• **Work required**:
What is needed is an exact reproduction of the lines in the records below, starting at the line with "Ritratto del Presidente" and ending at the line with "Репин Илья. Бурлаки", both included, and nothing else; pictures stay out.

• **Provided information**:

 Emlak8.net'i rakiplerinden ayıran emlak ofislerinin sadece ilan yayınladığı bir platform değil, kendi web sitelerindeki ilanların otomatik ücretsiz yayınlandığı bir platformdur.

---

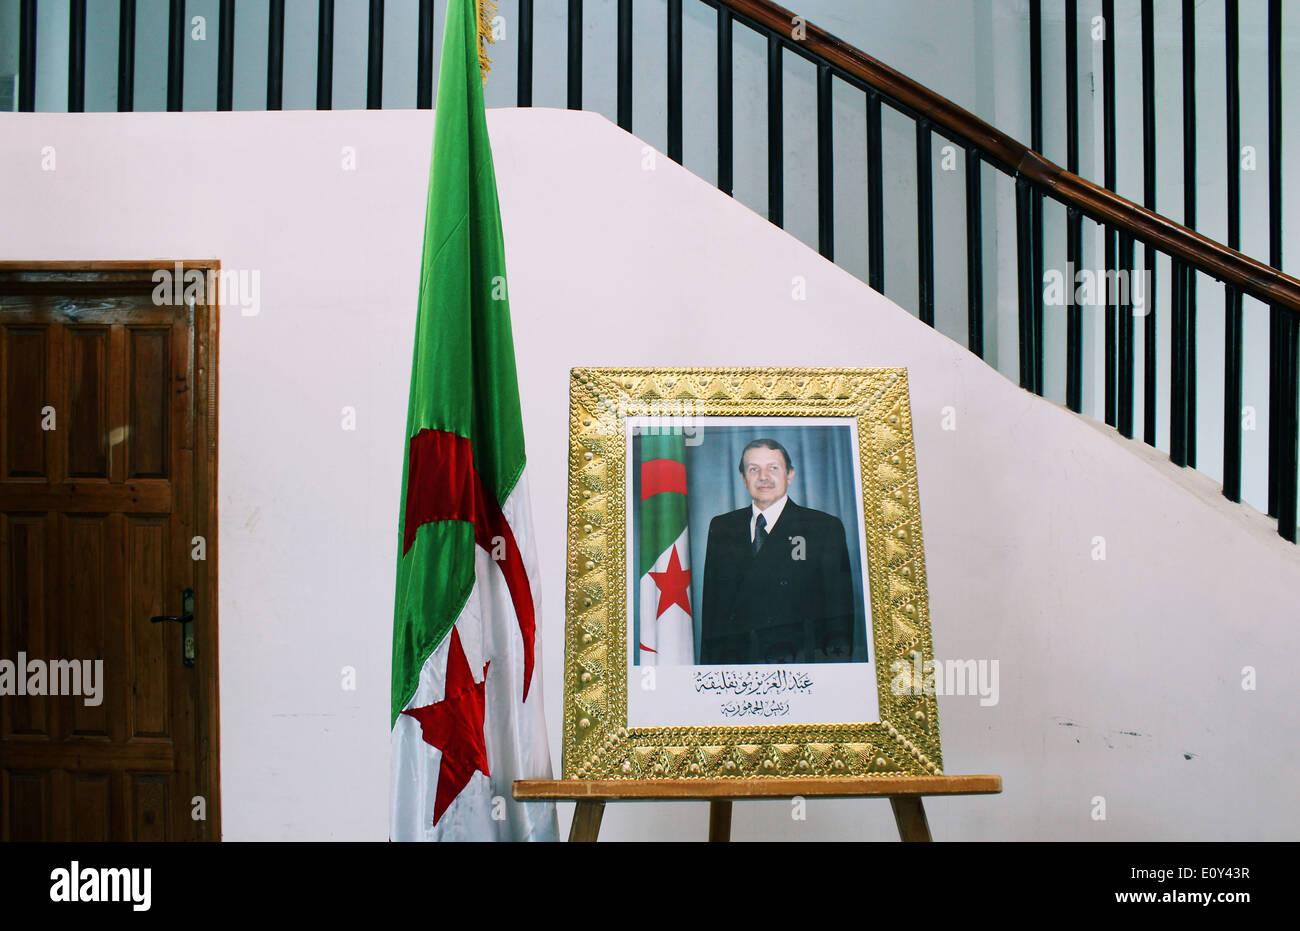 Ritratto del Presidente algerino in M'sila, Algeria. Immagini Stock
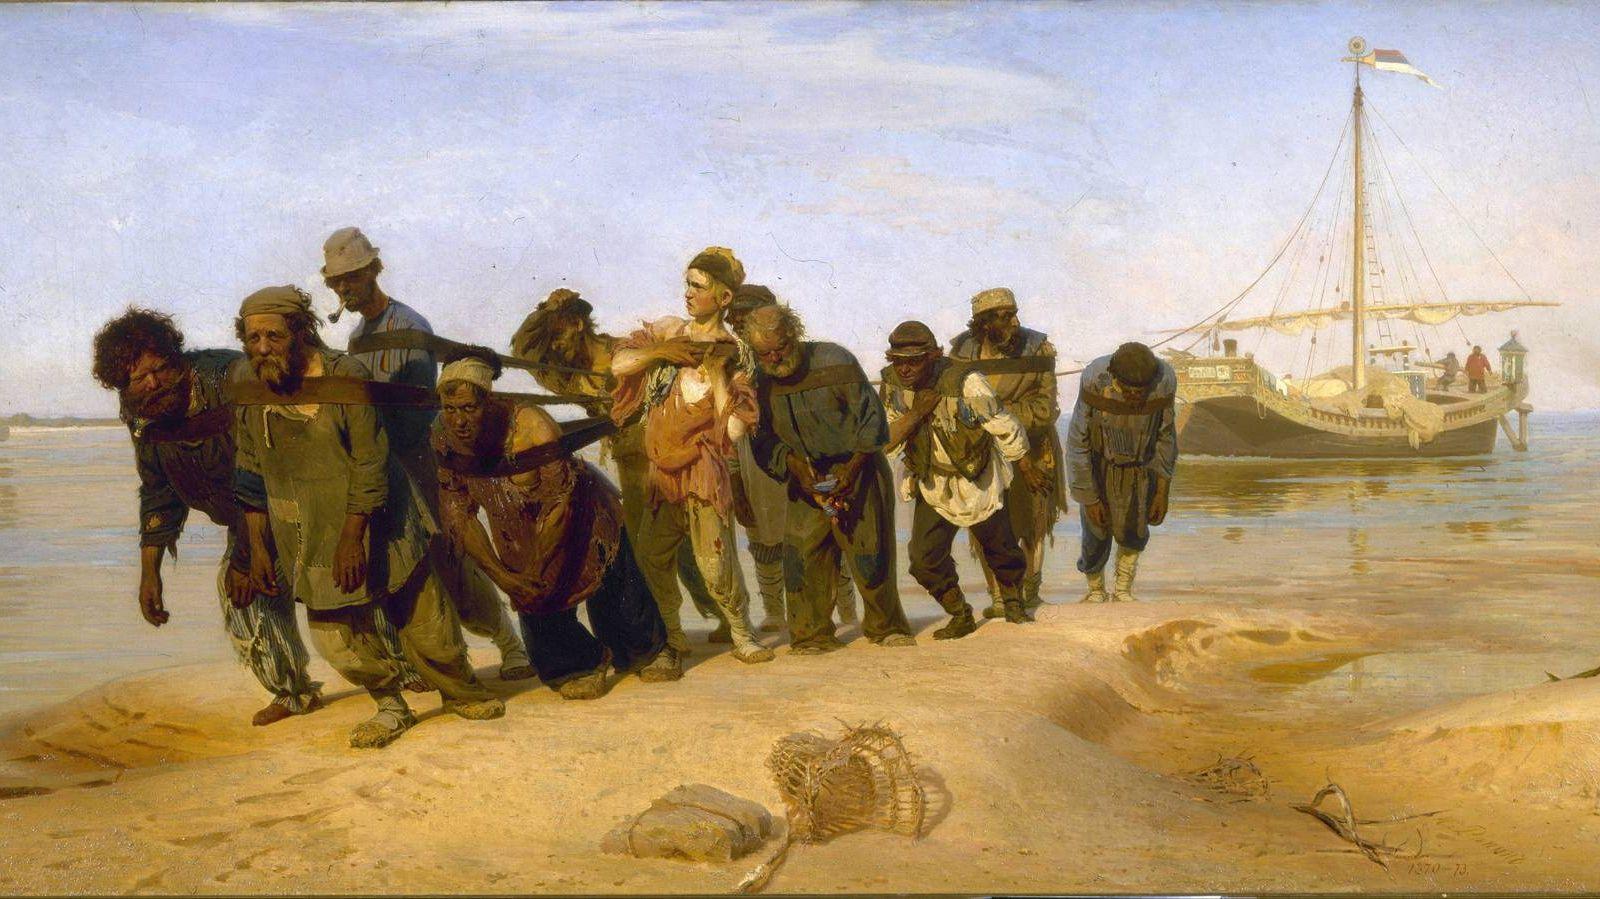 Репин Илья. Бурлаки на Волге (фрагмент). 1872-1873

• **Answer to this problem**:
 Ritratto del Presidente algerino in M'sila, Algeria. Immagini Stock
 Репин Илья. Бурлаки на Волге (фрагмент). 1872-1873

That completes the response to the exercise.